Melekler görmüştü, Galu Belâda Allahın kudretini. Her şey tüm tecelliyatı ile apaçık gözleri önlerin de cereyan etmekteydi. Elbette melekler çok daha kolay ve kusursuz inanıp, mükemmel biat edecektiler Rablerine. Ya İnsanoğlu! Tecelliyatı az ya da çok görmüş, gördükleri de kendine unutturulmuştu. İnsan, imtihan alanı olan Dünyaya gönderilmiş, ahir hayatı gayp olmuş, yaratıldığı yer ile bağlantısı kesilmiştir.
O “Galu Bela”denilen yerde Allah tüm insanlardan rableri olduğuna dair söz almış insanlara demiştirki; -Burada bana inandığınız, Rabbiniz olduğumu kabul ettiğiniz gibi Dünya imtihanınızda da sözünüz de durur musunuz? “Ben sizin Rabbiniz miyim?
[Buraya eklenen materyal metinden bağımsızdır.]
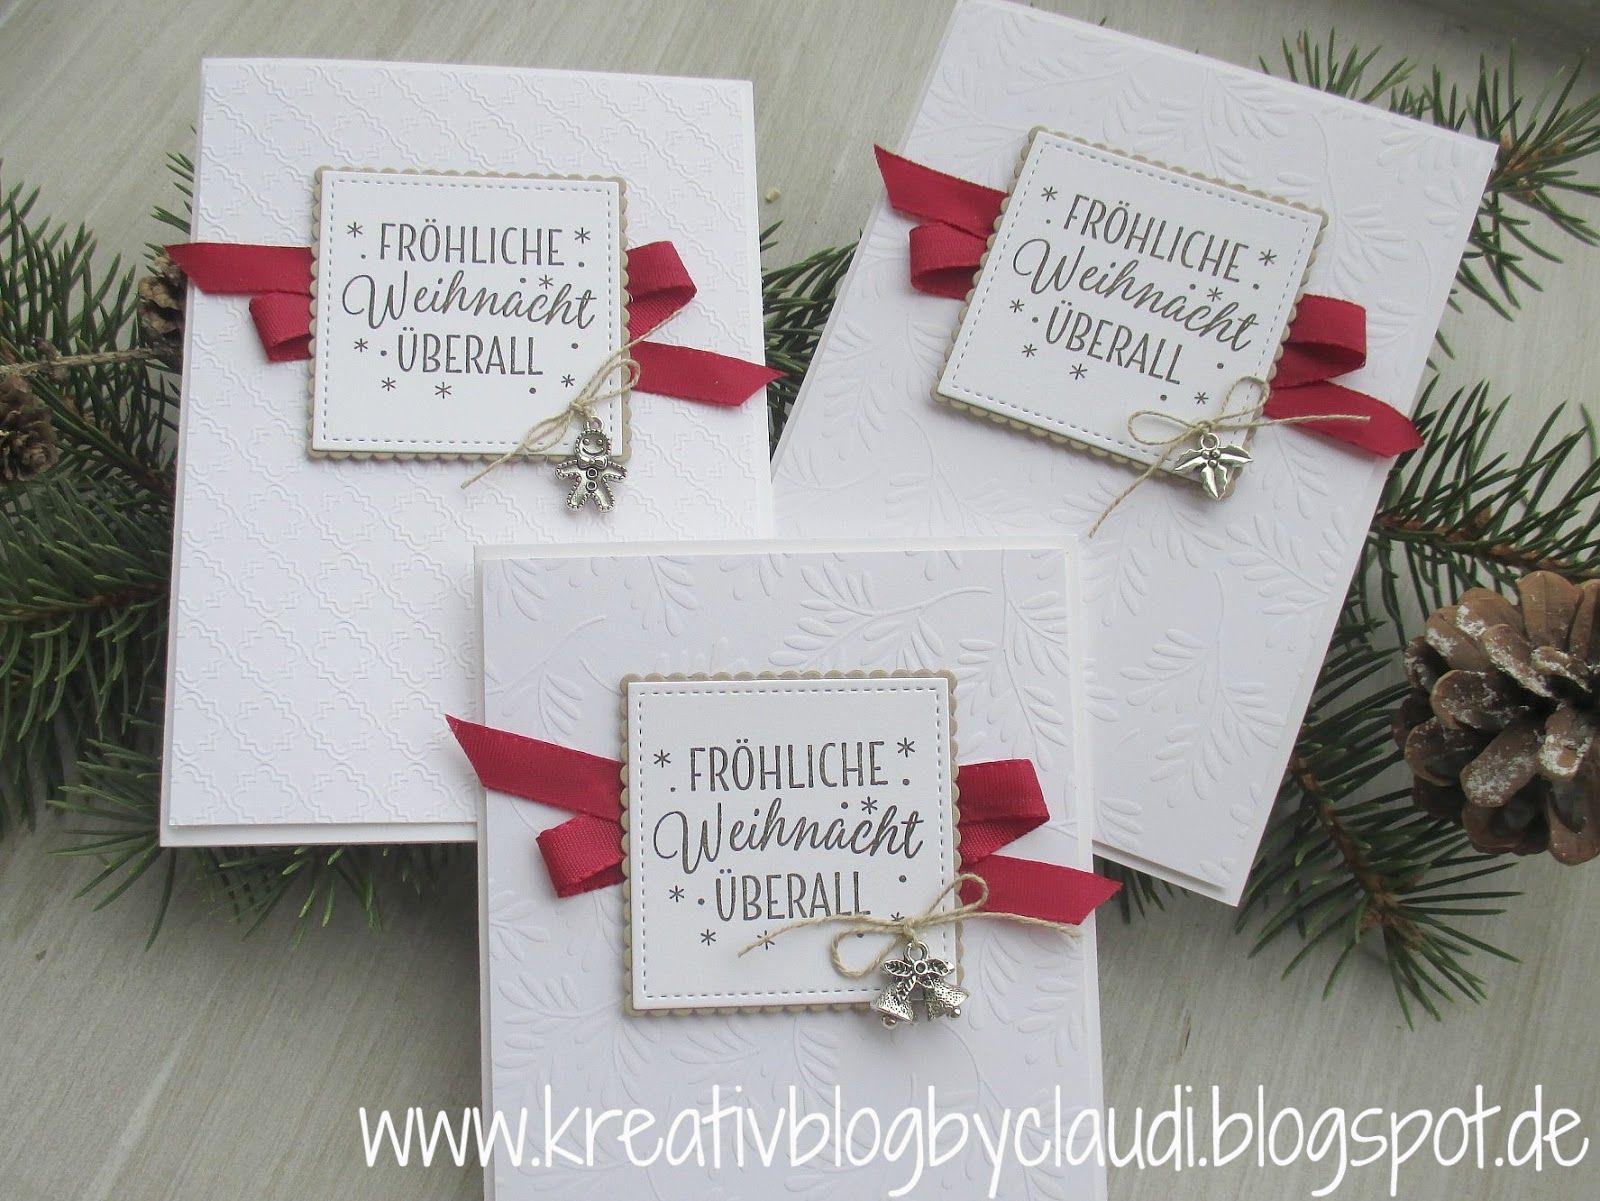 Diese woche sind noch jede menge weihnachtskarten entstanden unter anderem habe ich das tolle - Weihnachtskarten schreiben ideen ...

Deyince hep bir ağızdan; “Elbette sen bizim Rabbimizsin” dediler ve dünyalarına bırakıldılar. Allah onlara elçiler ve o elçilerle Allahın sözlerinden ibaret olan Kutsal kitapları gönderilecekti. Bu Kutsallardaki aydınlatıcı sözlerle insan, dosdoğru yolunu bulup Allaha verdiği sözünü tutacaktı. Kitaplar ona pusula, ona dünyayı kullanma klavuzu olarak sunulacaktı. Kimi okudu anladı iman etti, kimi duvara astı içeriğine mevzularına hakikatlerine dahi bakmadı kimi söz verdiği gibi itaat etti sözünde durdu kimi de dünya hayatına meyletti yüz çevirdi itaat etmedi. İnsanın Melekten Cin den ve Şeytandan üstünlüğü, görmediği Allaha inandığından ve nefsine karşı mücadelesiyle büyüktür. Ve bazı insanlar bu imtihanı kazanıyor salih müminlerden oluyor. Allah da bu dünyadan, doğru dürüst ahlaklı ihlaslı akıl ve düşünce sahibi güzel yürekli dostlarıyla sonsuz ve muhteşem alemde bir arada olmak için ihsan ve lütuf da bulunuyor, onları yanına cennetine almak istiyor.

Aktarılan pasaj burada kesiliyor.